|Subject: SMH: TNI 'powerless to disarm
Sydney Morning Herald August 17, 2000
TNI 'powerless to disarm militias'
By MARK DODD, Herald Correspondent in Suai
The Indonesian military (TNI) is incapable of putting down the militia threat in West Timor because it is outnumbered and lacks the expertise and resources, according to a senior UN military commander.
"I think TNI is between a rock and a hard place," said Lieutenant-Colonel Martin Dransfield, commander of the New Zealand battalion in East Timor.
"If they are too heavy handed, possibly they will find themselves in the same position they got into 12 months ago when they lost control.

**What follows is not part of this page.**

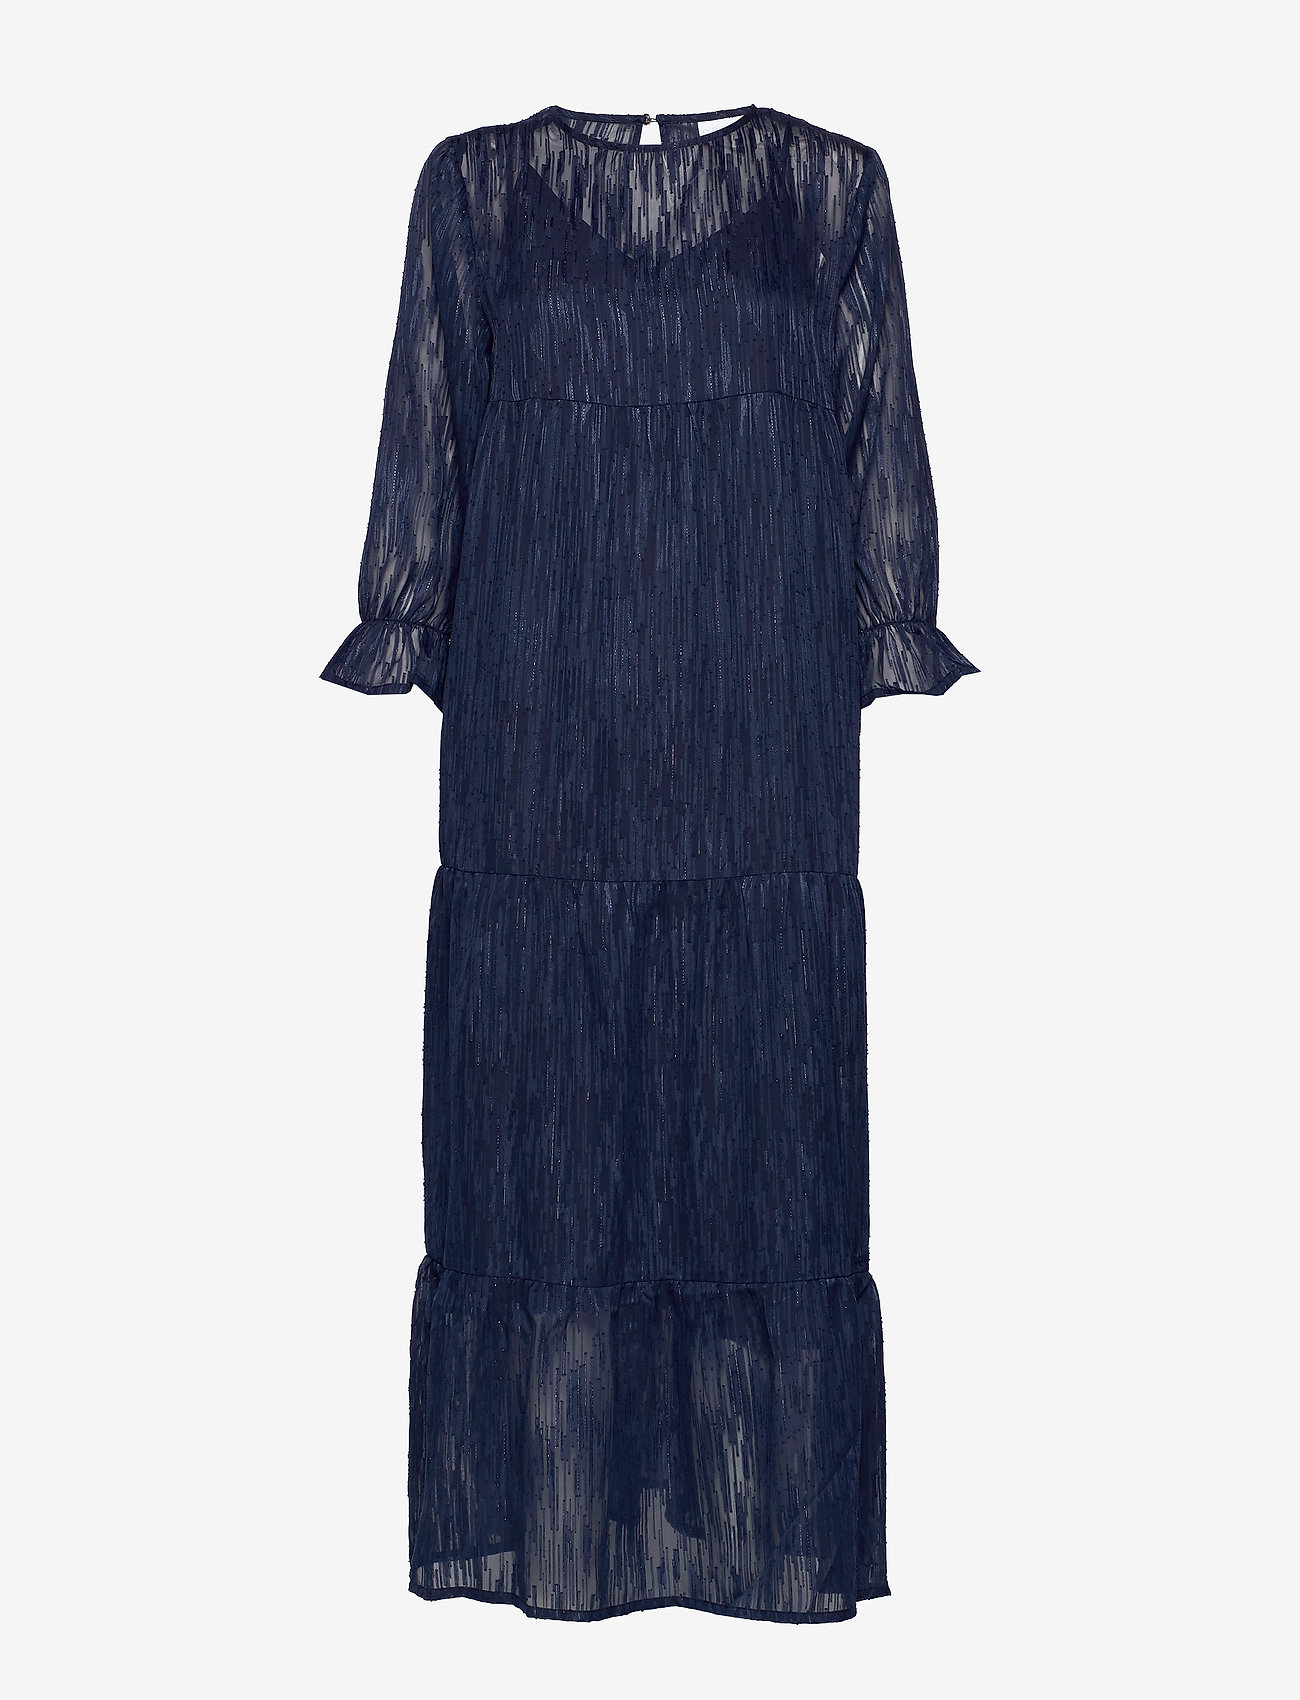 Coster Copenhagen - Dress long sleeved w. volume at sle - robes de fête - night sky blue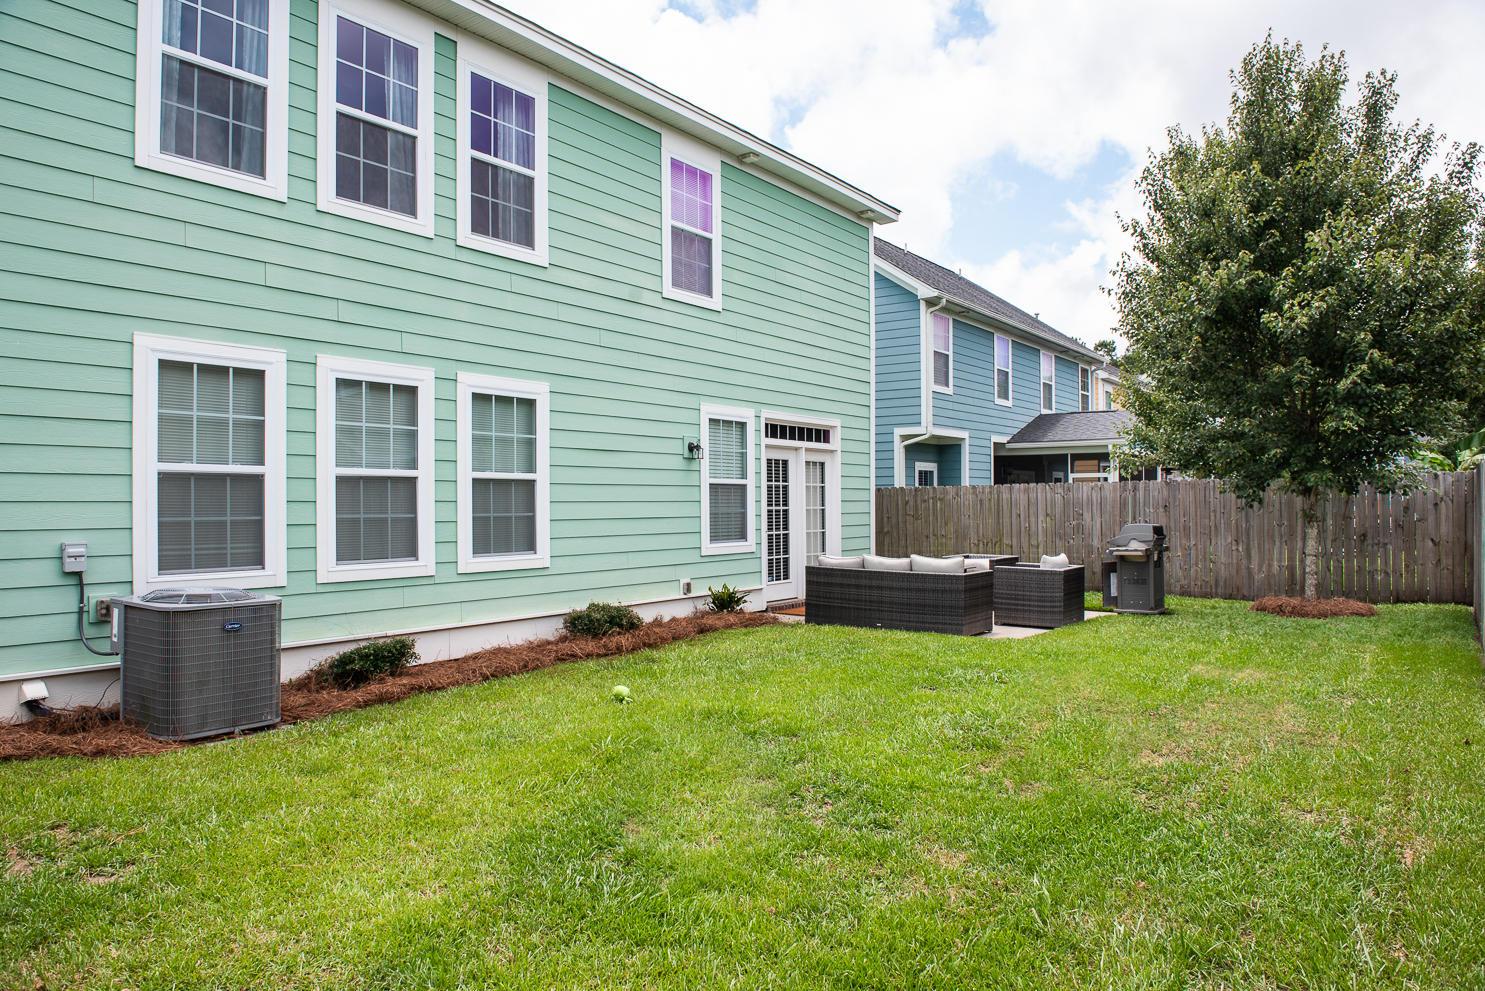 Nelliefield Plantation Homes For Sale - 119 Indigo Marsh, Wando, SC - 0

"I legitimately believe they are struggling, and this is a time we have to work with them, which is what we are doing.
"Although this is not politically acceptable, this is a time when we have to support them rather than go to the other extreme where they are ostracised."
It is still believed, however, that rogue elements of the TNI continue to assist in unlawful militia activity in East Timor.
Colonel Dransfield offered up two scenarios yesterday. The first was that pro-Indonesian militia were seeking to infiltrate armed agents as "sleepers" who would wage a war for autonomy after UN peacekeepers had left.
The other scenario was that the militia wanted to engage UN troops, forcing countries to determine that the Timor mission was too dangerous.
"They are obviously going to lose that campaign because there is a definite determination on the part of contributing nations ... that we are going to see this one through," he said.
The two recent attacks in the New Zealand sector resulting in New Zealand and Nepalese fatalities were chance rather than premeditated clashes, he said.
Colonel Dransfield said the two battalions of Indonesian troops based along the border in West Timor were incapable of disarming pro-Indonesian militias.
"It's very difficult. The refugee camps are enormous. The reports we are getting at the moment is there is a lot of trouble and the TNI are effectively outnumbered. It is not a particularly rosy picture."
Colonel Dransfield told reporters that latest intelligence estimates on the numbers of armed militia in East Timor could be as high as 150, split into small groups.
The UN's Deputy Commander in East Timor, Major-General Mike Smith, supported Colonel Dransfield's comments, saying he had no reason to doubt the sincerity of Major-General Kiki Syahanakri, the commander of Indonesia's eastern region.
The Indonesian side was providing a regular flow of information on suspected or planned movements across the border by armed militia, he said.
More than 100,000 East Timorese refugees live in some 200 camps across West Timor with estimates of the number of those who opposed independence as high as 50 per cent.
Meanwhile, Portuguese security forces guarding Dili remain on high alert for possible militia infiltrators, with several key anniversaries this month and next month.
Security concerns have also forced UN officials to suspend work on a second road repair project in south-central Ainaro district.
UN officials said worries over the safety of East Timorese workers and foreign contractors were the reason for suspending work on the $1.5 million project.
In the latest incident, pro-Indonesian militia are suspected of burning down a house at Hatu Hudo, south-west of Same.